As the date continues (only because I didn’t have the balls to tell him have his mom come right back and get him), he tells me about helping to support his sister that goes to college out of state. He walks to work, unless he takes too much stuff, then his mother drives him. When it was time for the bill I had the waitress split it, paid my portion, and left. As if he didn’t have enough strikes against him, in person, he eerily resembled my uncle.

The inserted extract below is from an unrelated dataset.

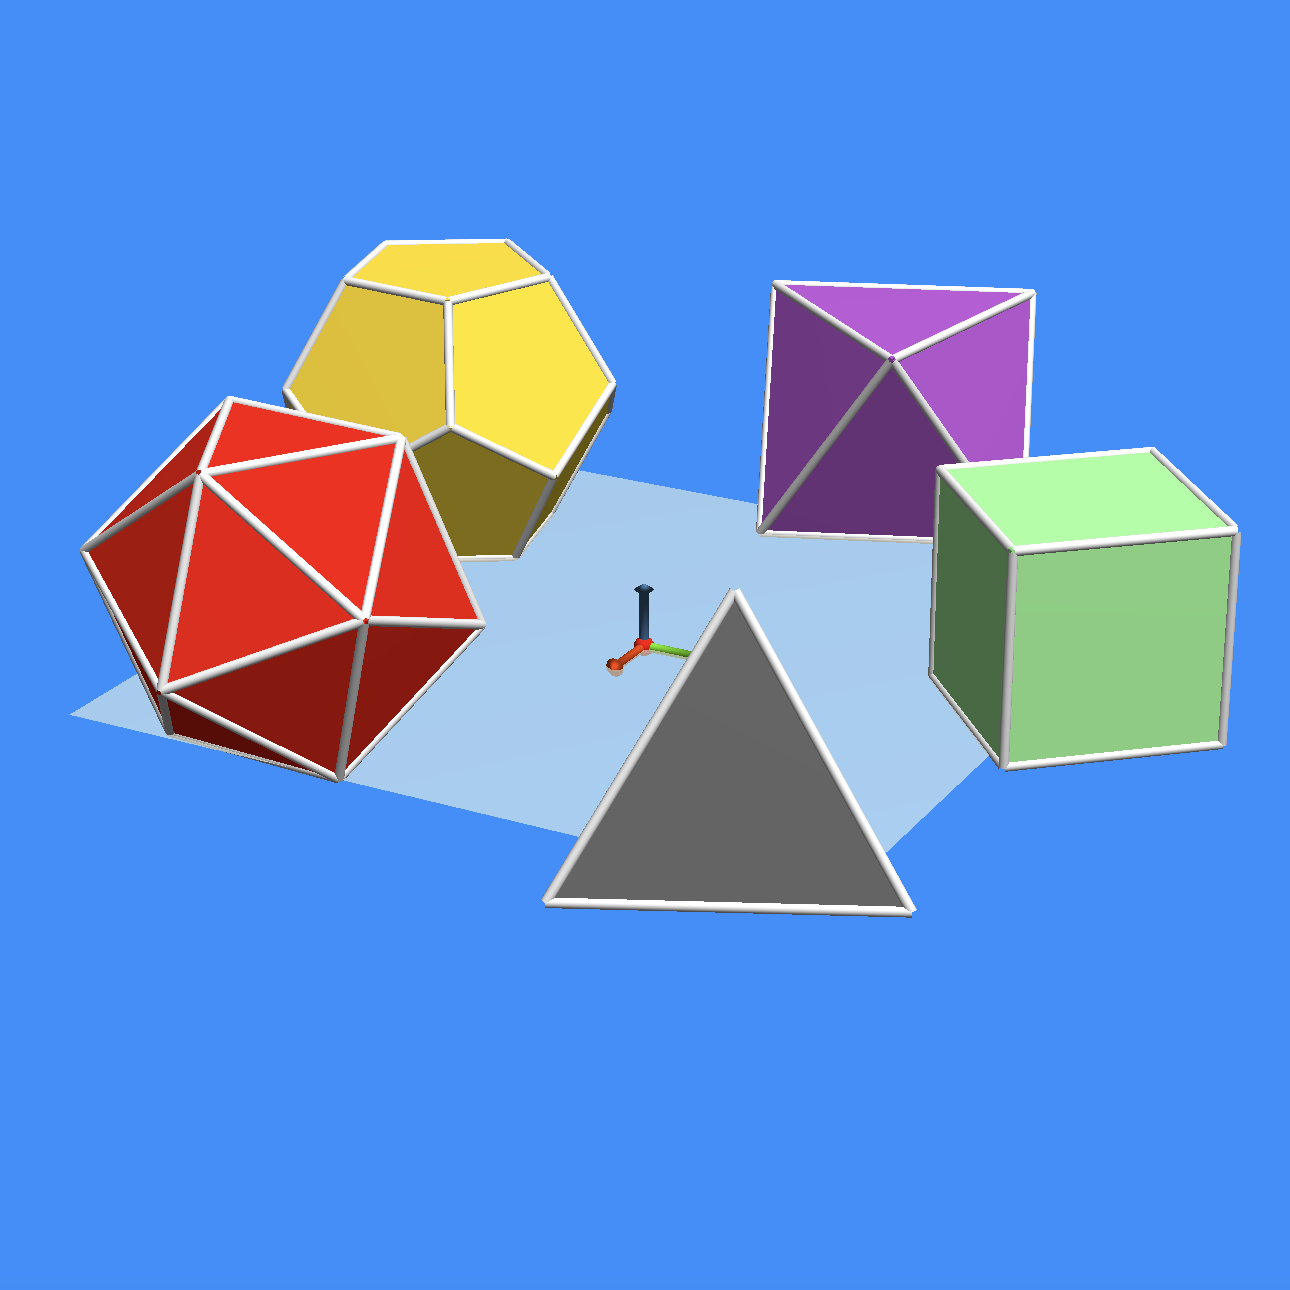 The five Platonic solids
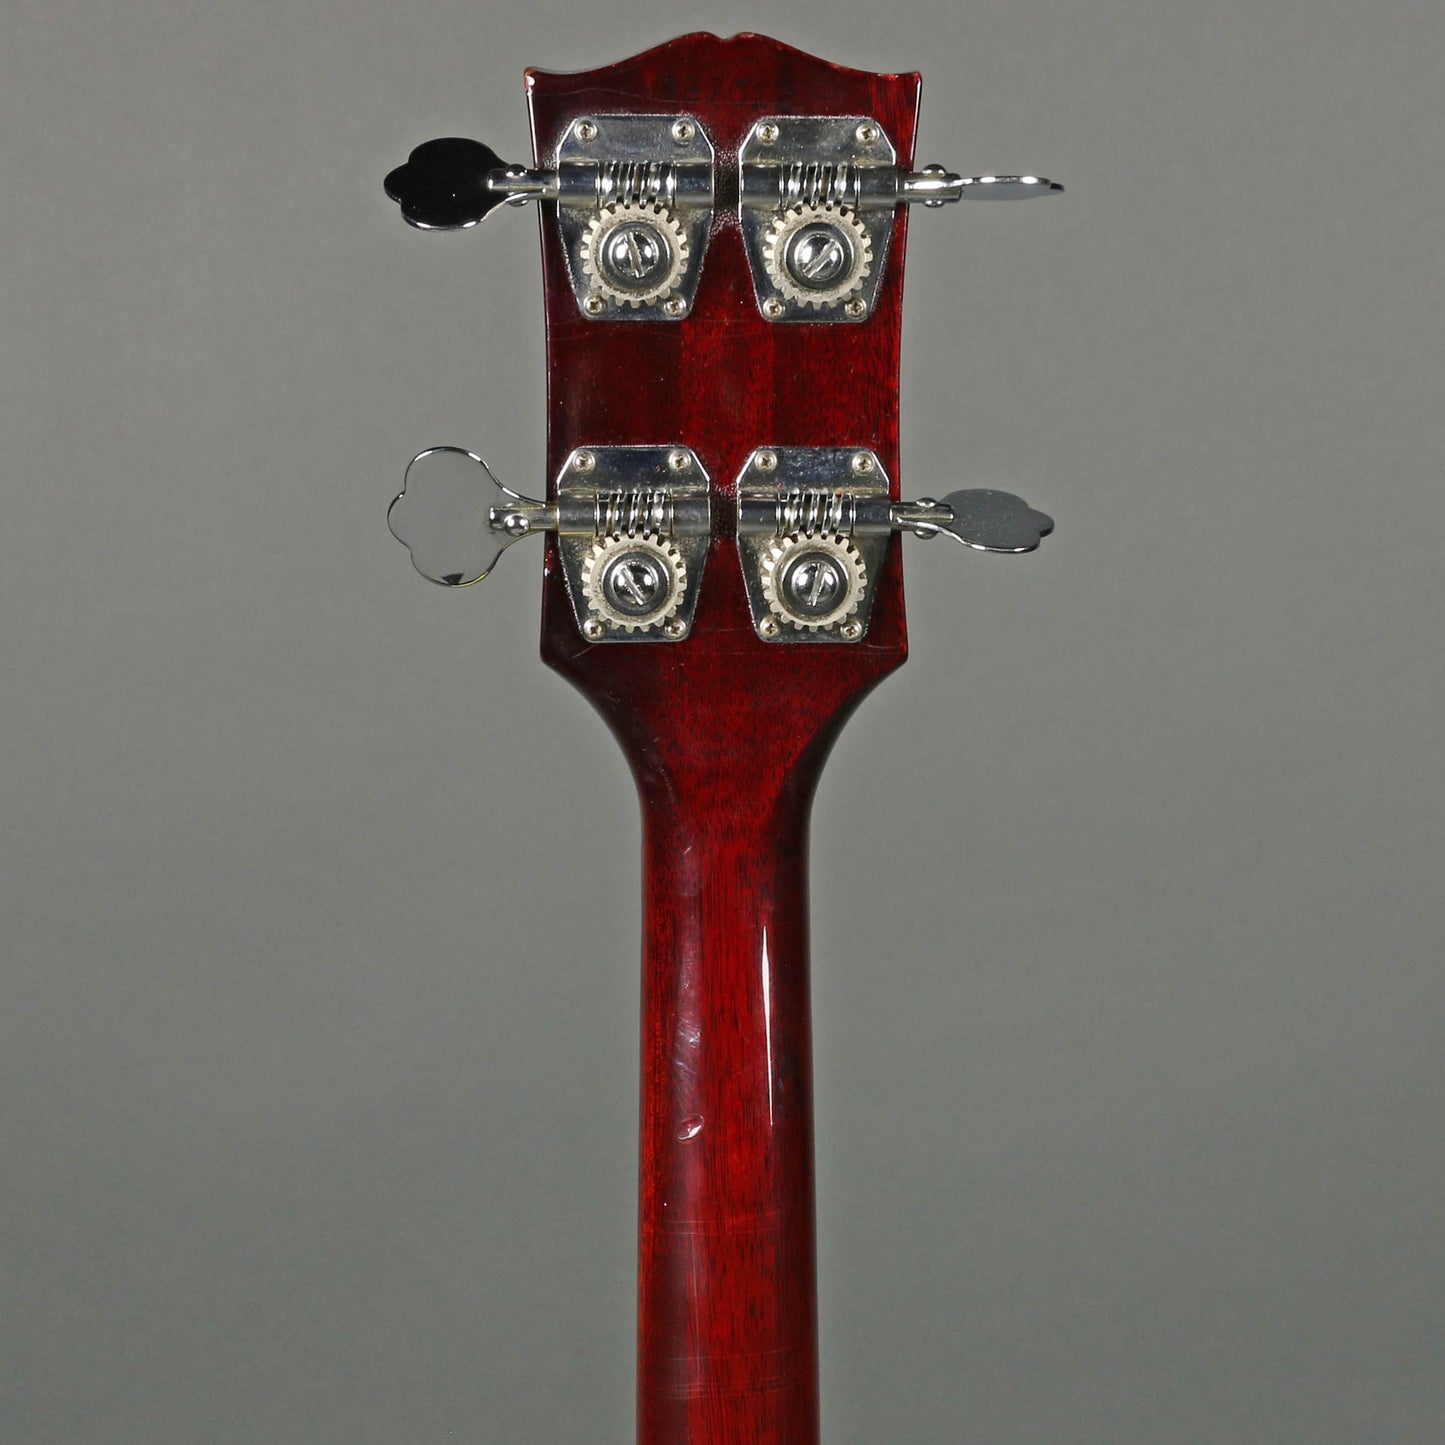 1969 Gibson EB-0

I was just about to delete my profile when a new guy messaged me and he used complete words and sentences! It was such an exciting prospect I thought I’d give him a chance. We messaged for a few days but there were too many red flags. I had to cut him loose. If I had to pick a nickname for him, I’d say, “The Asshole.” He was estranged from his entire family. He told me his dad died but he didn’t care, he was a terrible person and they hadn’t talked in years. His mother was alive but she was a terrible person and he didn’t talk to her. He had two sisters, one was a psycho and the other owed him a ton of money. He had broken up with his baby mama 6 months ago, and she was psycho. Granted, all of those people could be terrible, horrible, awful people but… If everyone in your life is an asshole… Well… Maybe it’s not them, maybe its you? After he confessed that he spoils the shit out of his daughter and she will be hell when she is a teenager, I couldn’t take anymore. Bonus? He offered to accompany me to a doctor’s appointment for our first date… How romantic!

I have since deleted my profile and decided that as naive as it may be, I want to meet someone organically. At this point I just need to focus on creating the best life I can. Focus on school and health and spending my time with the ones I love. I don’t have the energy for anymore weirdos from online dating right now. Being single is definitely underrated.